Begin at the line containing "热苏斯谈世界杯:想和巴西队一起创造历史" and restate it and each line after it exactly, up to and including the last line below. Leave pictures out.

» **Provided data**:
=======
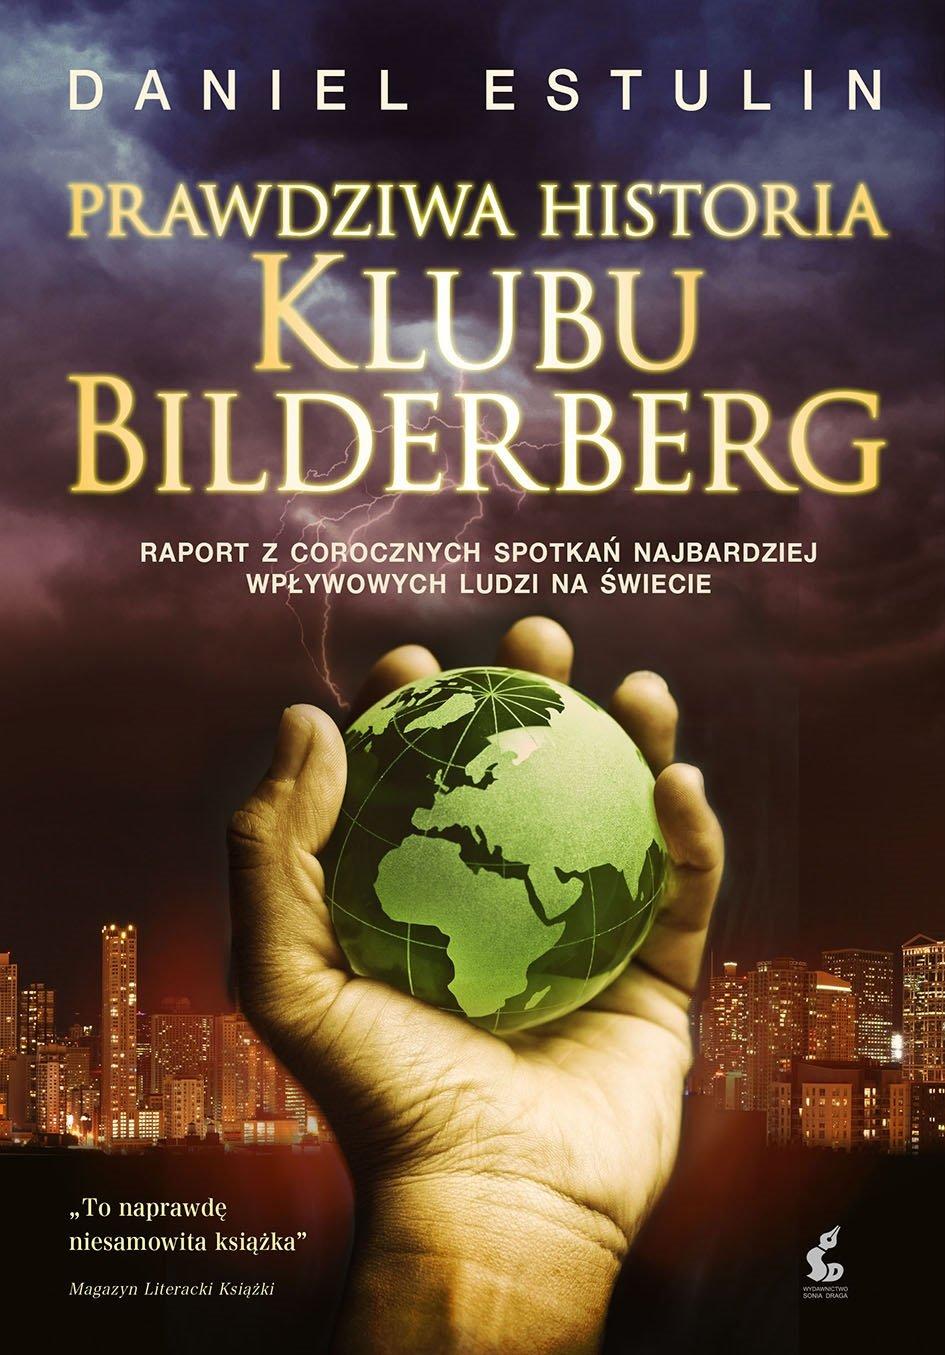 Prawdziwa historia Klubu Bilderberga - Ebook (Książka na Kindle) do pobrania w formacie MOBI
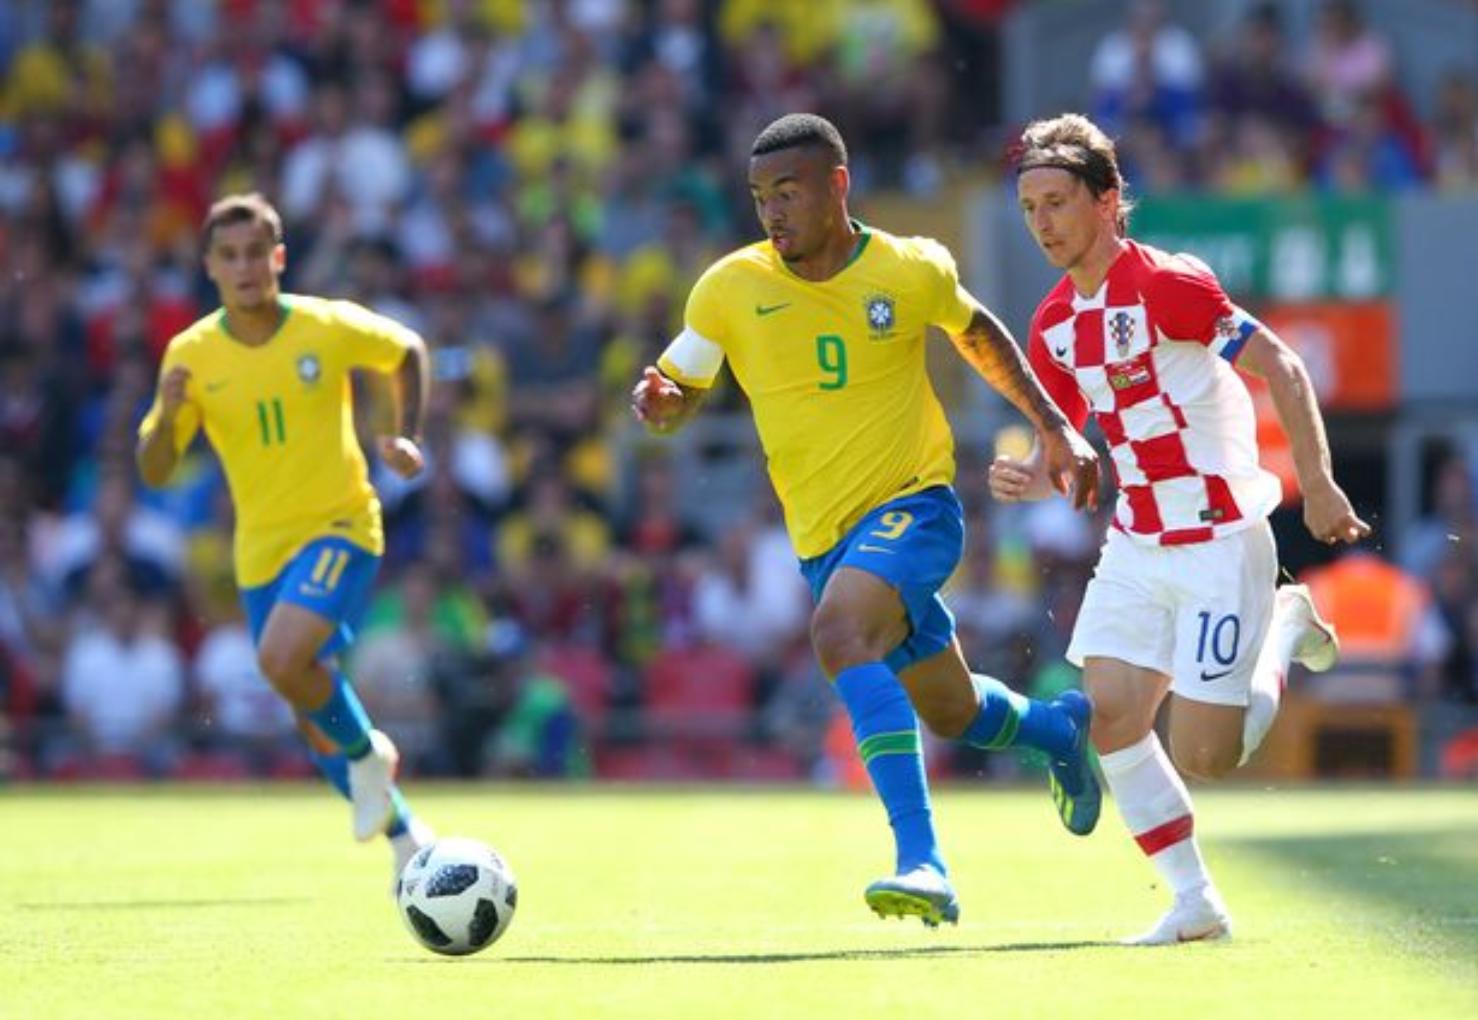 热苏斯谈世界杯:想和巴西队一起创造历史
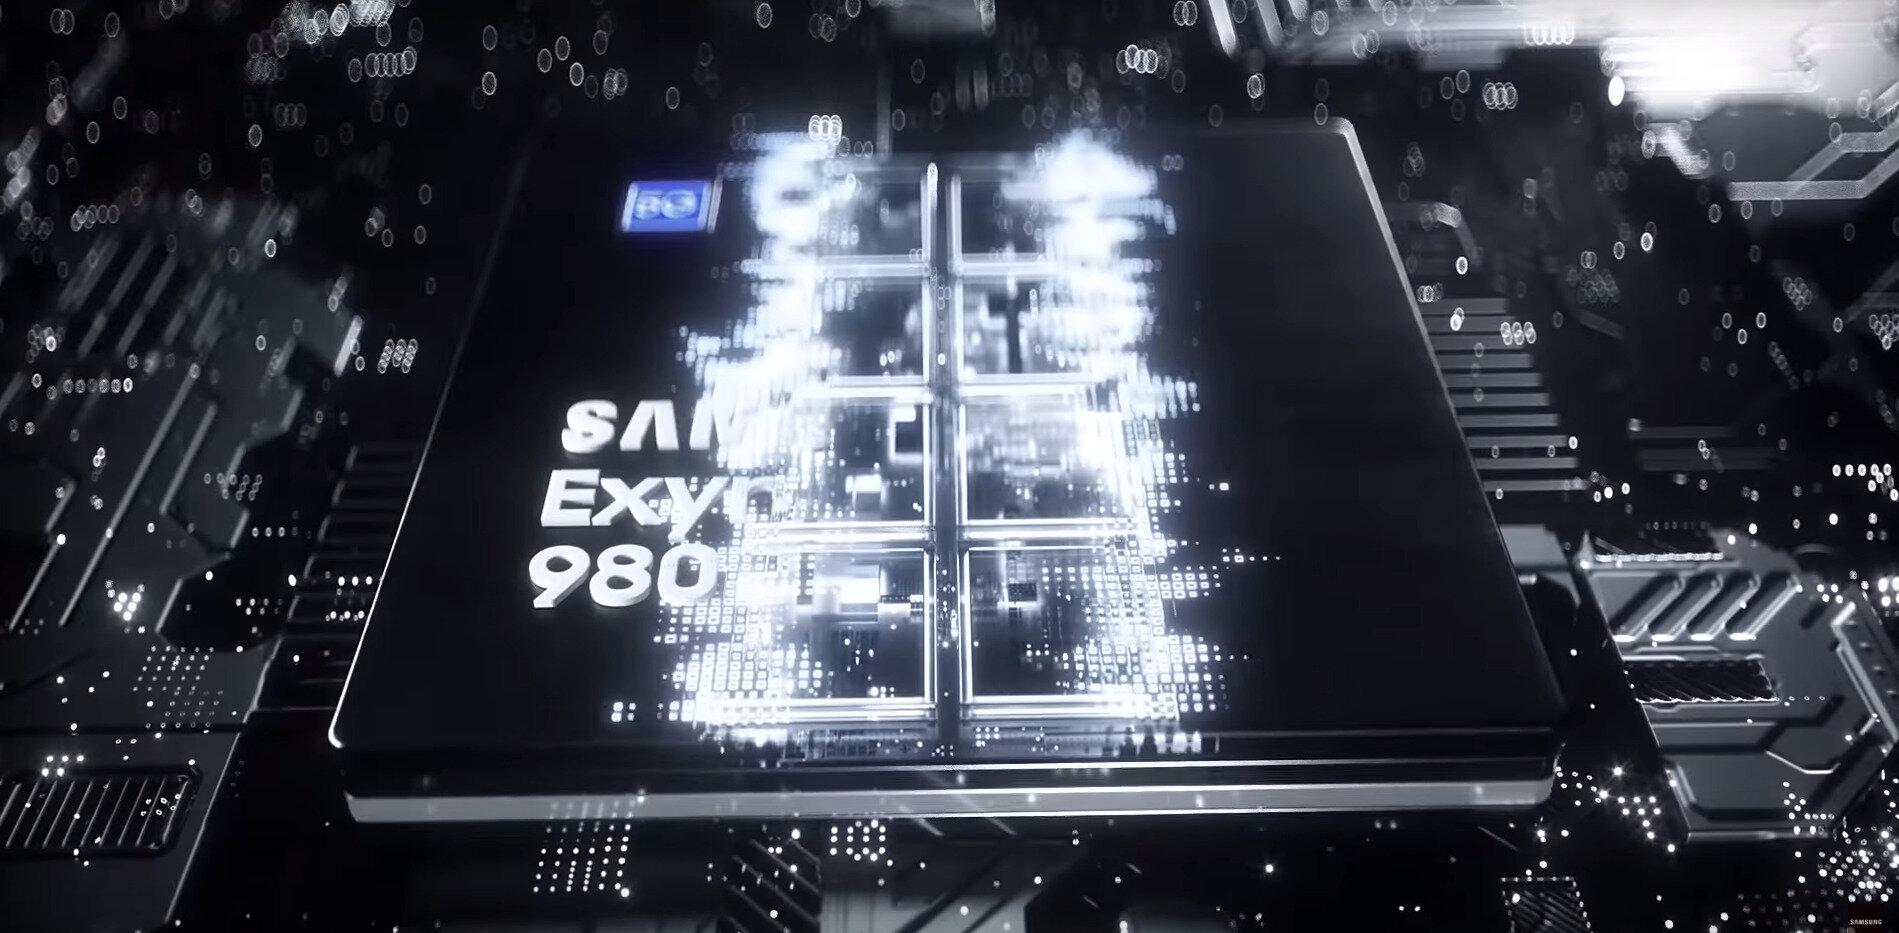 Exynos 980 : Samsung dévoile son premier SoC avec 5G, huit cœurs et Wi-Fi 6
=======
» **Answer to the exercise**:
 热苏斯谈世界杯:想和巴西队一起创造历史
 Exynos 980 : Samsung dévoile son premier SoC avec 5G, huit cœurs et Wi-Fi 6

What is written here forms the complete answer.